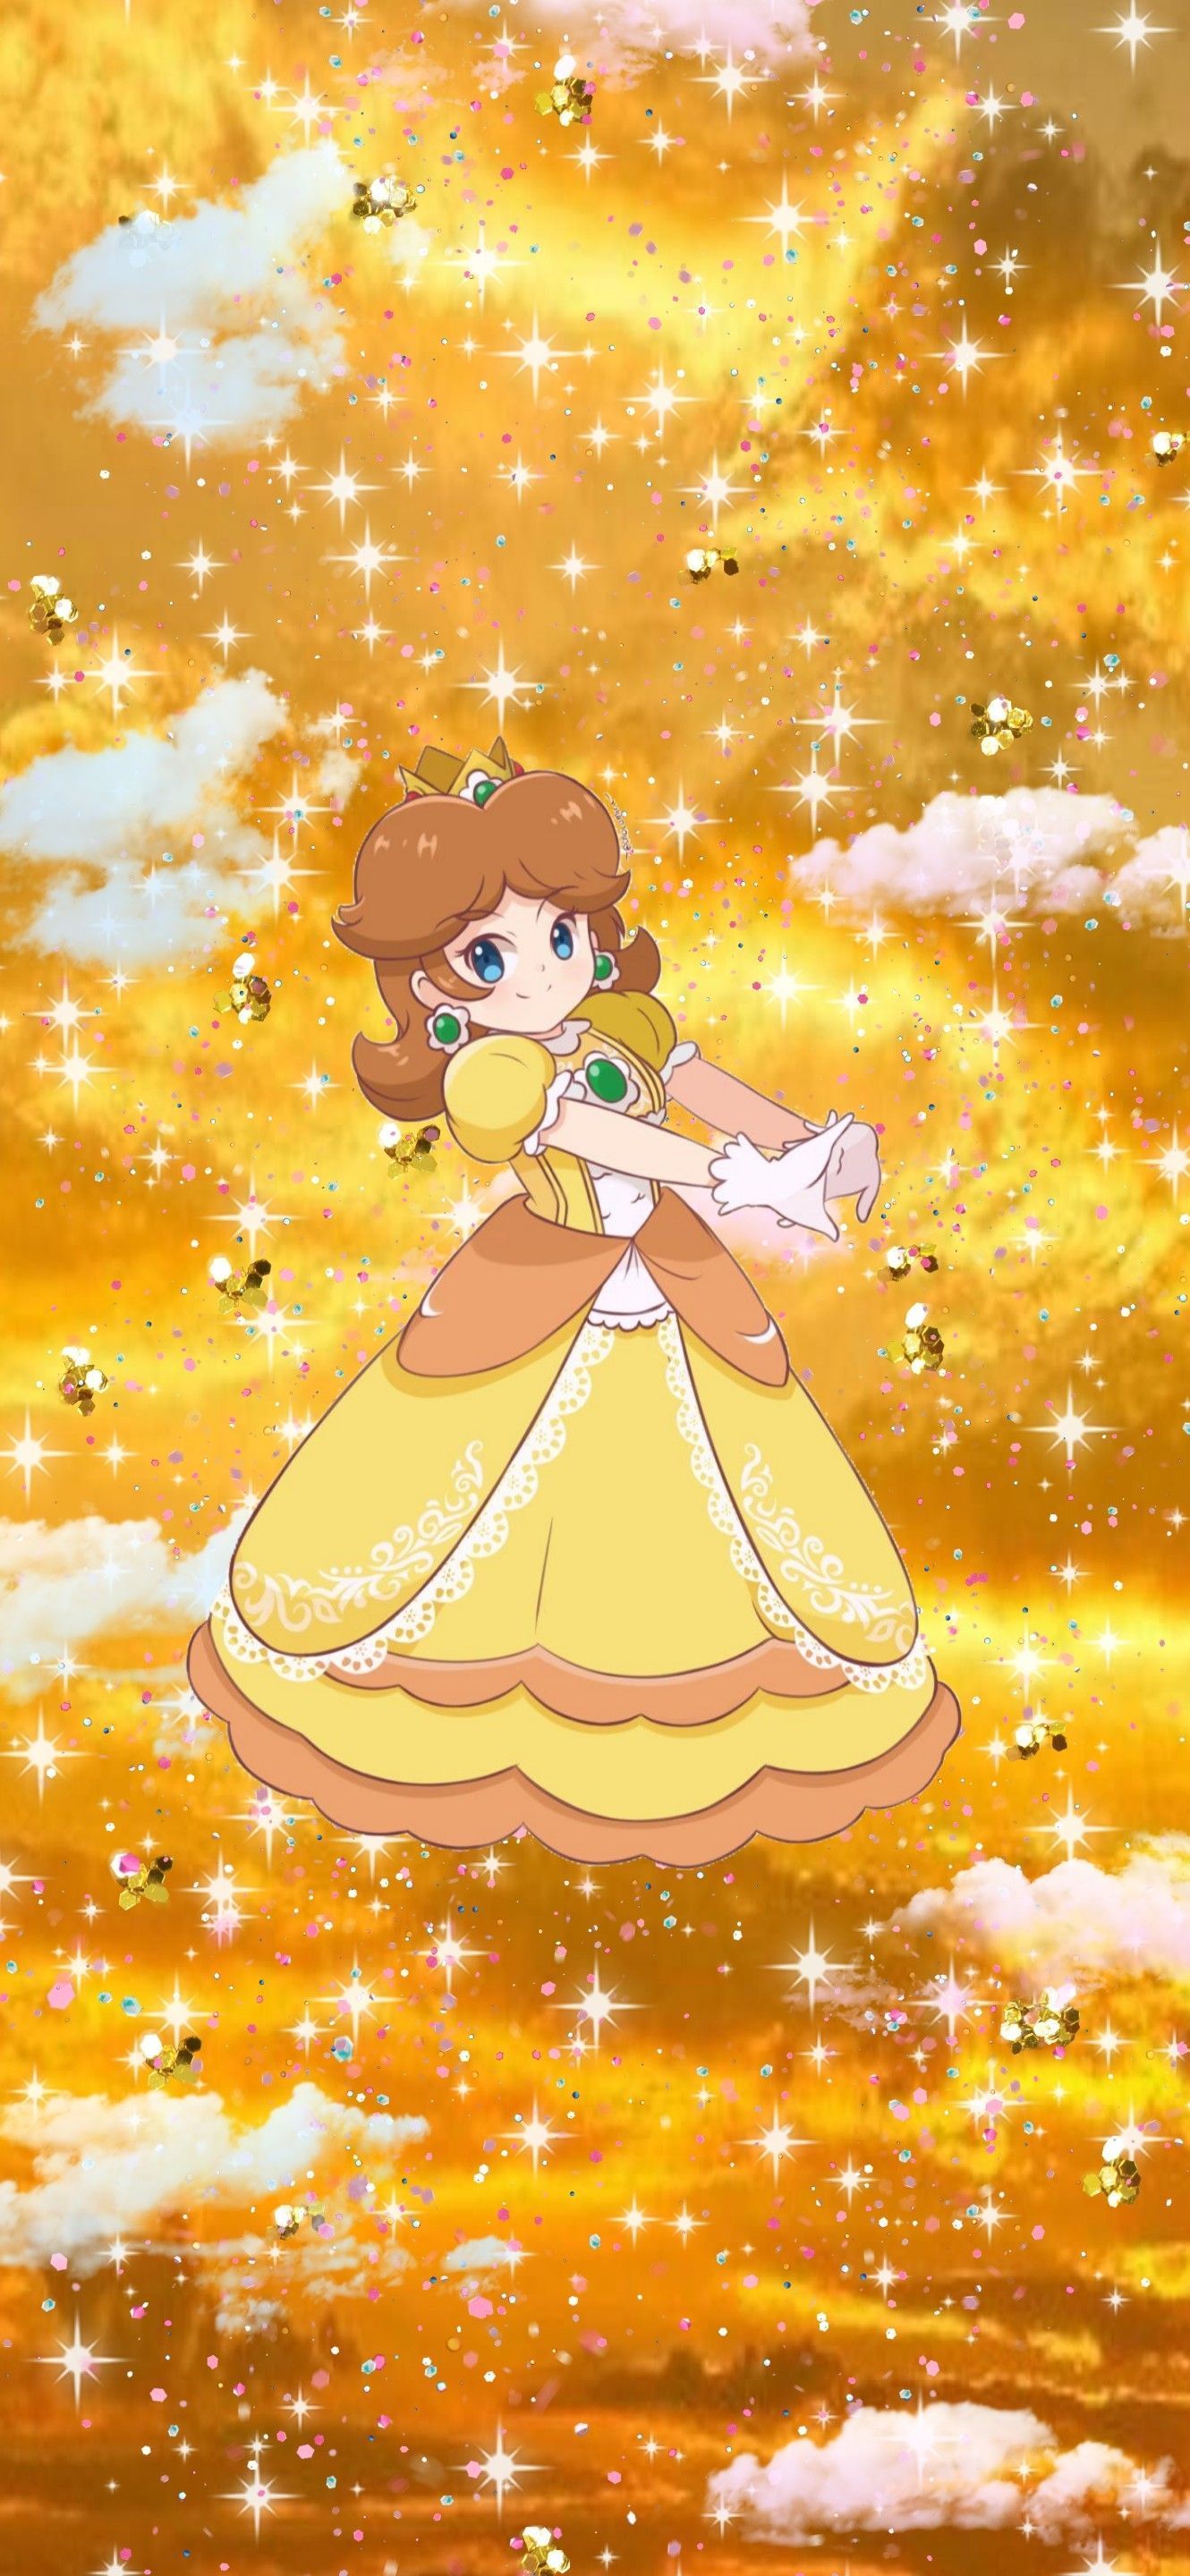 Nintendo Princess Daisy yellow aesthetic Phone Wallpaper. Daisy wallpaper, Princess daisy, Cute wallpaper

* * *

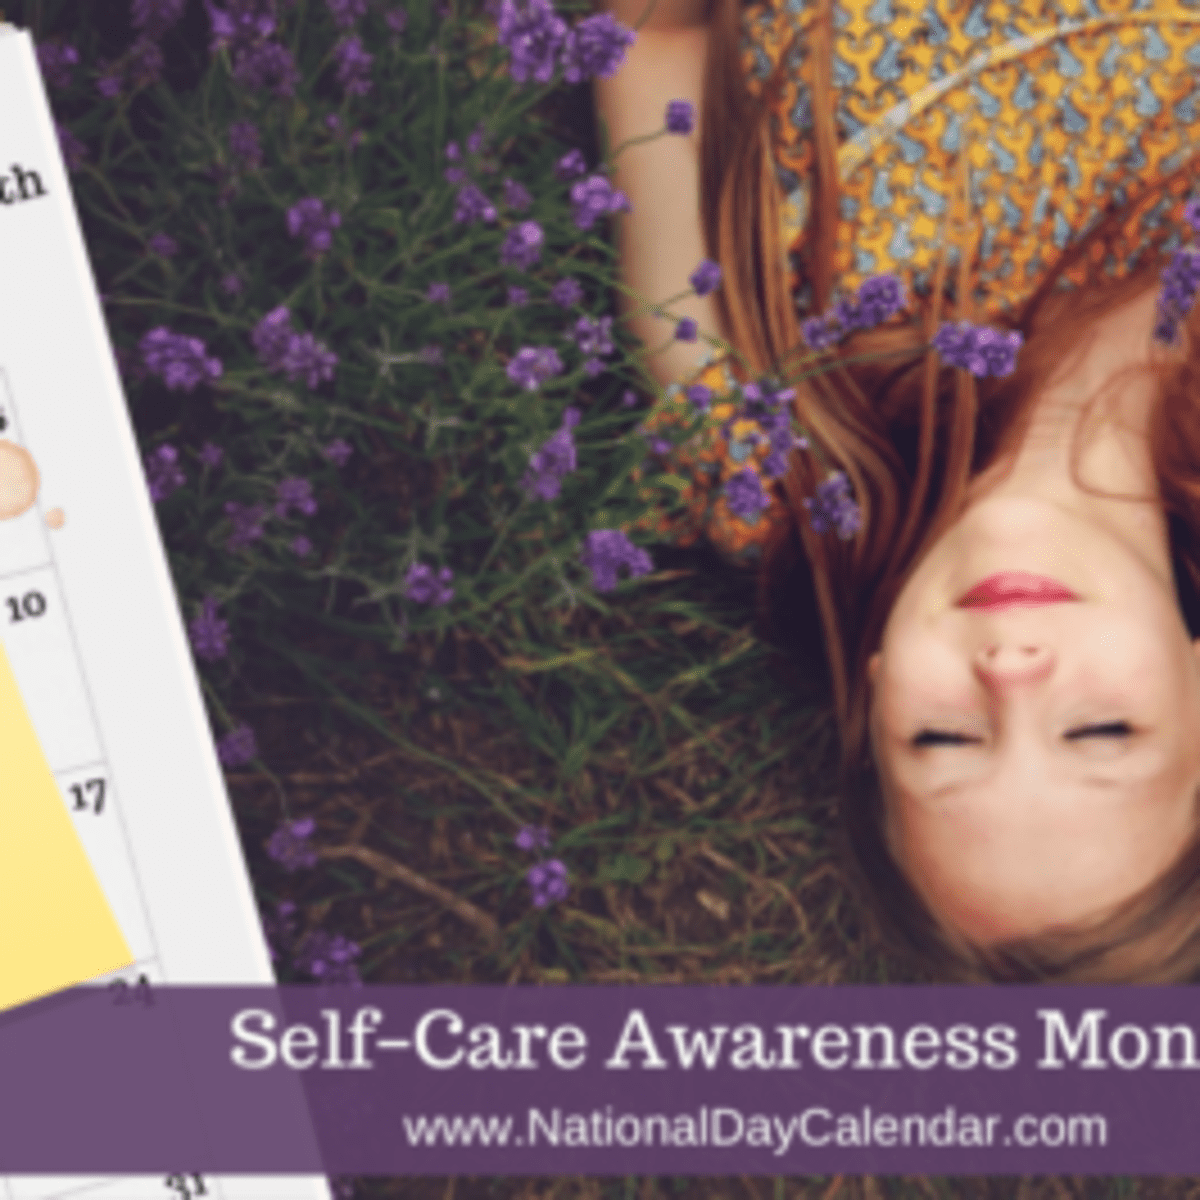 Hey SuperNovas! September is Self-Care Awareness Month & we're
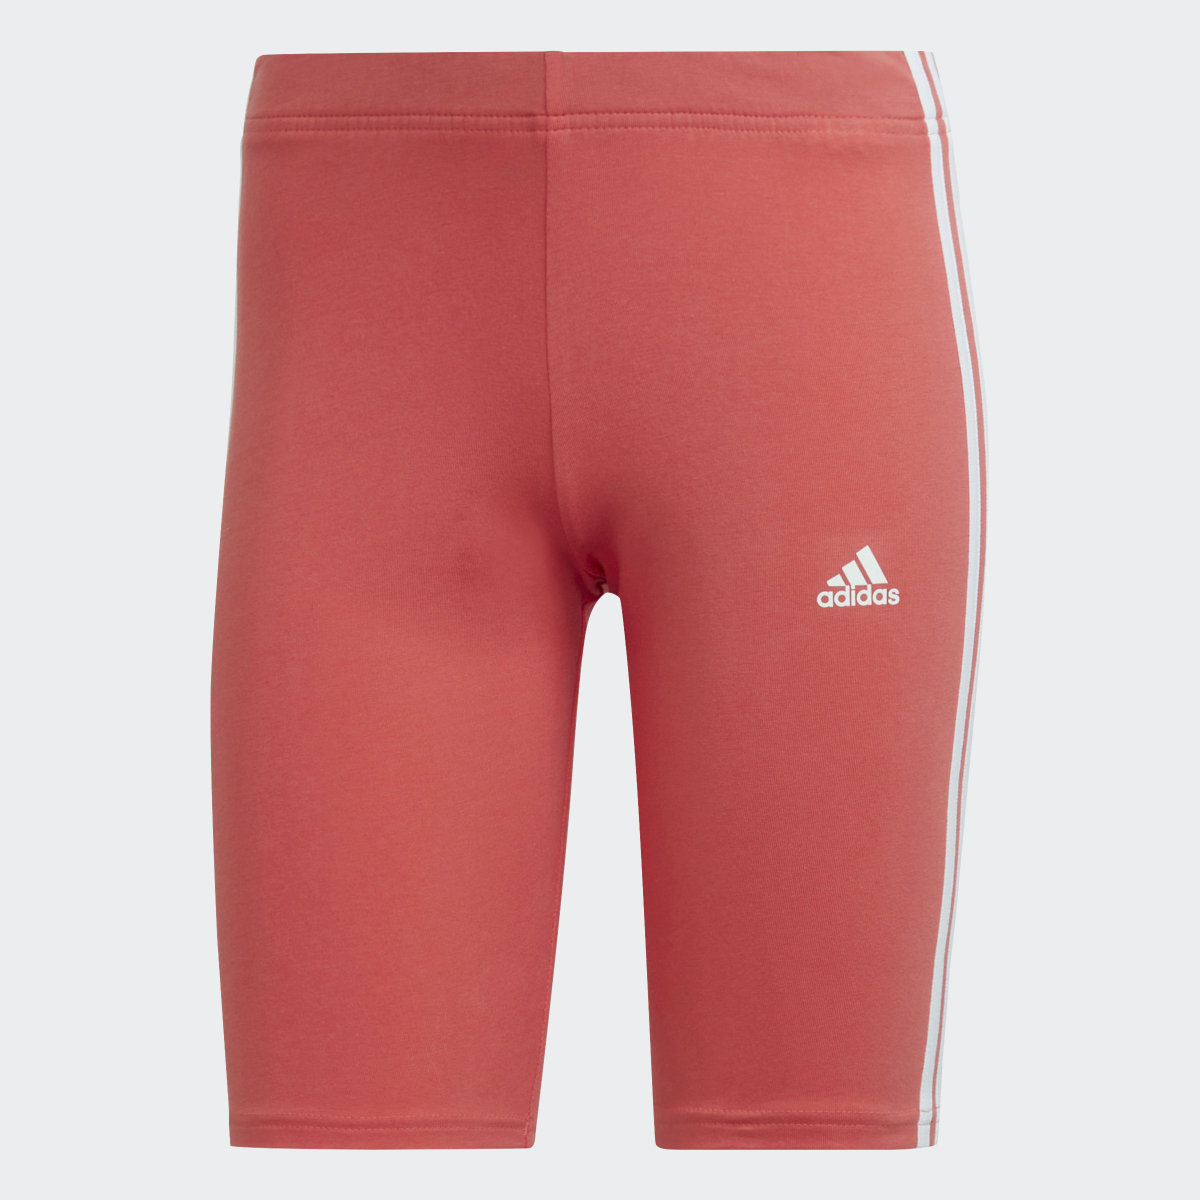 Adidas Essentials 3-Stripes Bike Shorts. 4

Exercise brief:
Output exactly the lines above, beginning at the one with "Hey SuperNovas! September" and stopping after the one with "Adidas Essentials 3-Stripes Bike Shorts. 4". Pictures are to be omitted.

Solution to the exercise:
 Hey SuperNovas! September is Self-Care Awareness Month & we're
 Adidas Essentials 3-Stripes Bike Shorts. 4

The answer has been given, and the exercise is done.